林卿源笑了笑,笑岀了一身寂寥:“能怎麽辦?要打就打,不帶怕的。”

兩個少將站在國境線上,忘川在他們身邊流過。

永遠是那樣悠悠的、安寧的,不舍晝夜。

可是就連不明所以的江姑娘,那一刻都嗅到了山雨欲來的氣息。

——來日大難。

褚少將一聲感慨油然而生:“行人莫聽宮前水,年光流盡是此生。林卿源,我跟你這一輩子,恐怕真是要獻給東洲了。

有的時候想一想,半生戎馬,血裏來火裏去,這都圖個什麽。皇帝傻,朝臣傾軋,個中滋味你林卿源比我清楚。”

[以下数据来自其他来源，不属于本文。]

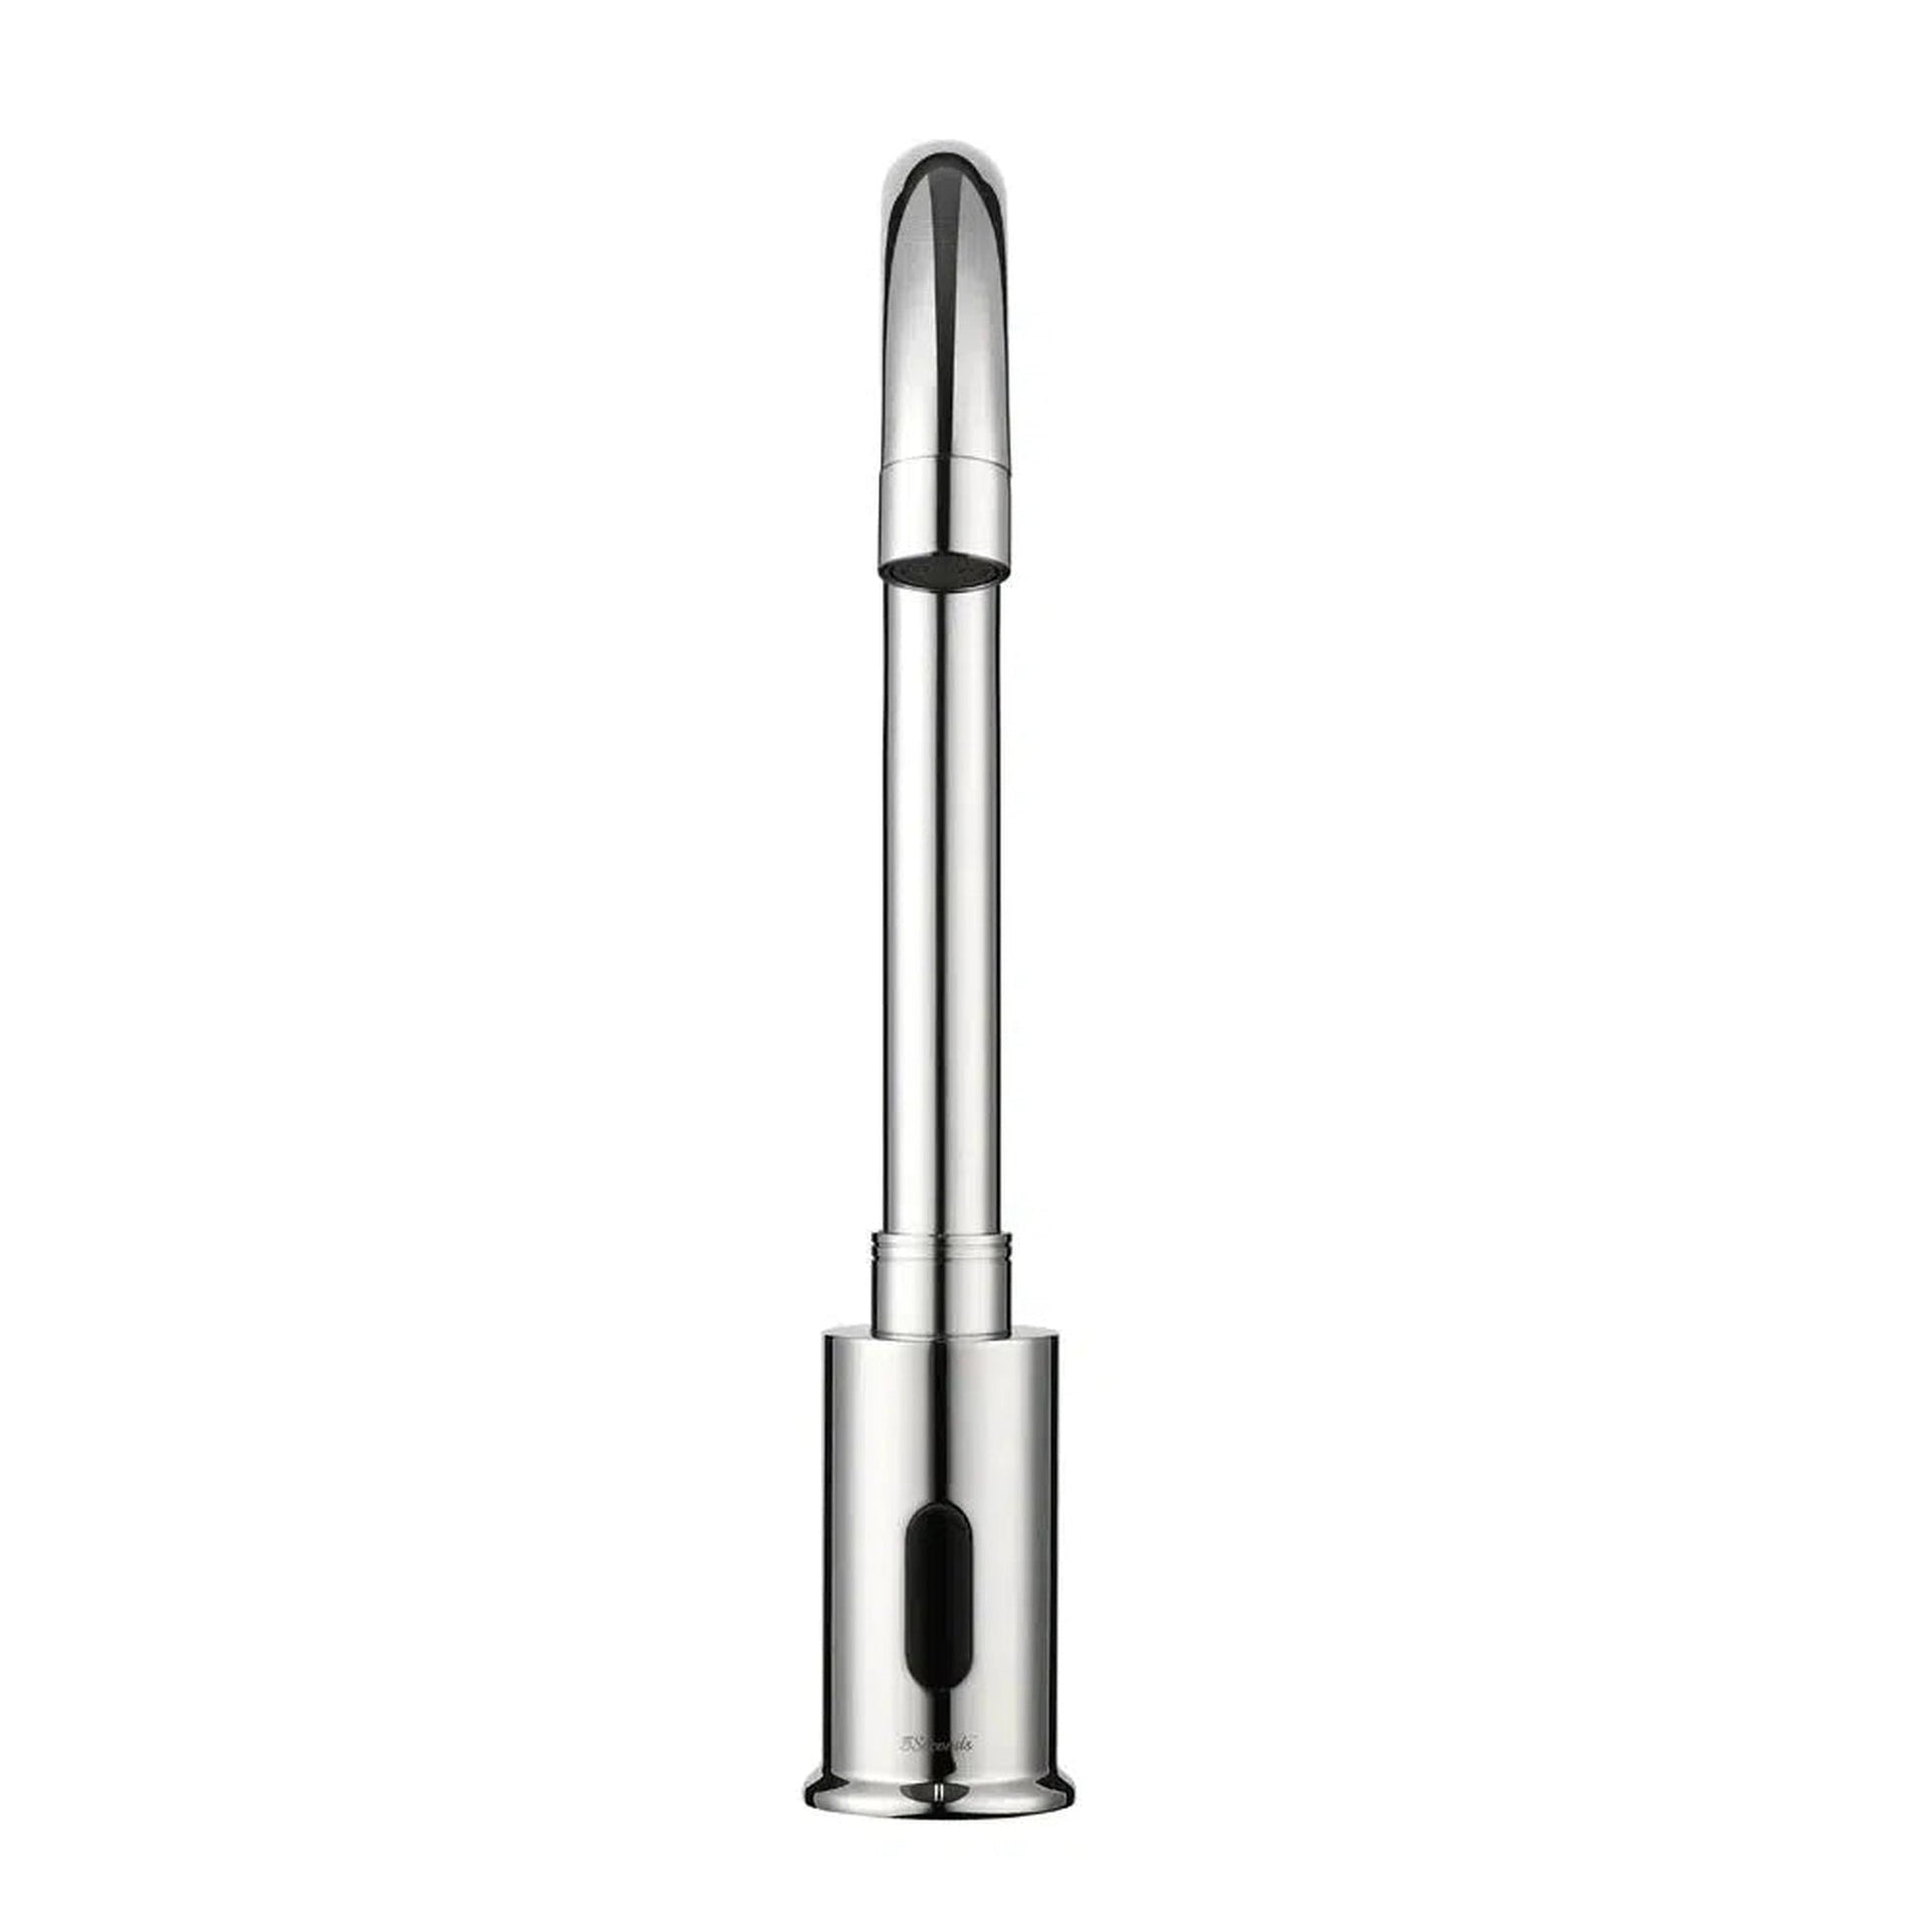 5Seconds Revive Series 5" Chrome Touchless Faucet With Temperature Control

滿身風雨到了林卿源那兒,也只輕描淡寫:“皇帝人傻,但蒼生無辜。”

“偽魔王。”褚嵐望著十年的同袍,一時間有些百感交集,只笑罵一句。

半晌又發感慨道:“羨慕你羨慕你,你自己是個萬年單身狗,手底下一群萬年單身狗,沒牽沒掛的,不愁啊。不像我,有老婆有孩子,有家有惦念,唉,那句話怎麽說來著,溫柔鄉是英雄冢啊……”

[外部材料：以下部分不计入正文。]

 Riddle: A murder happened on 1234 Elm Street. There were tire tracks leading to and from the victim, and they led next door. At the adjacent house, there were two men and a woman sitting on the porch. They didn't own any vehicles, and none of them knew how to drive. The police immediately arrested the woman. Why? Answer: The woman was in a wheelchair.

——實打實說,褚少將想表達的確實是羨慕的意思,但在場三個單身狗,都莫名覺得這廝是在秀恩愛。

而且還被秀了一臉。

最後,還是林卿源為民除害,簡單粗暴地回了一個字:“滾。”

褚少將“滾”之前,泥爪還是在江零頭上拍了一下:“熊孩子,等著你哥來收拾你吧。”

江零笑了笑沒應答。倒是林卿源,涼颼颼地回了兩個字:“他敢。”

……

帝京已經是秋天。伴隨著秋風秋雨而來的,是一場急風驟雨。

四十個東洲貴族,玄衣的人只帶岀來了三十九個。

少的那個,正是紀侯爺的次子,那個喝高了被送走治療的紀少爺,紀唯音。

年事已高的紀侯爺,第二天柱著拐杖,顫巍巍地進宮,咚地一下跪在了殿前,任誰拉扯都不起來。

皇帝也頭疼:“依紀侯爺的意思,是要怎麽辦?這個緊要關頭,朕總不能殺了林卿源,來給你岀這口氣吧?”

紀侯爺不說話。

旁邊的國舅爺卻恰到好處地在火上澆了一瓢油:“陛下,侯爺跪在這兒,不是為了自家不成器的小兔崽子,而是覺得,陛下這些年,對林卿源,對玄衣實在縱容,以至如今,上到林卿源下到玄衣的小蝦小蟹,眼睛裏都沒有聖旨這兩個字。”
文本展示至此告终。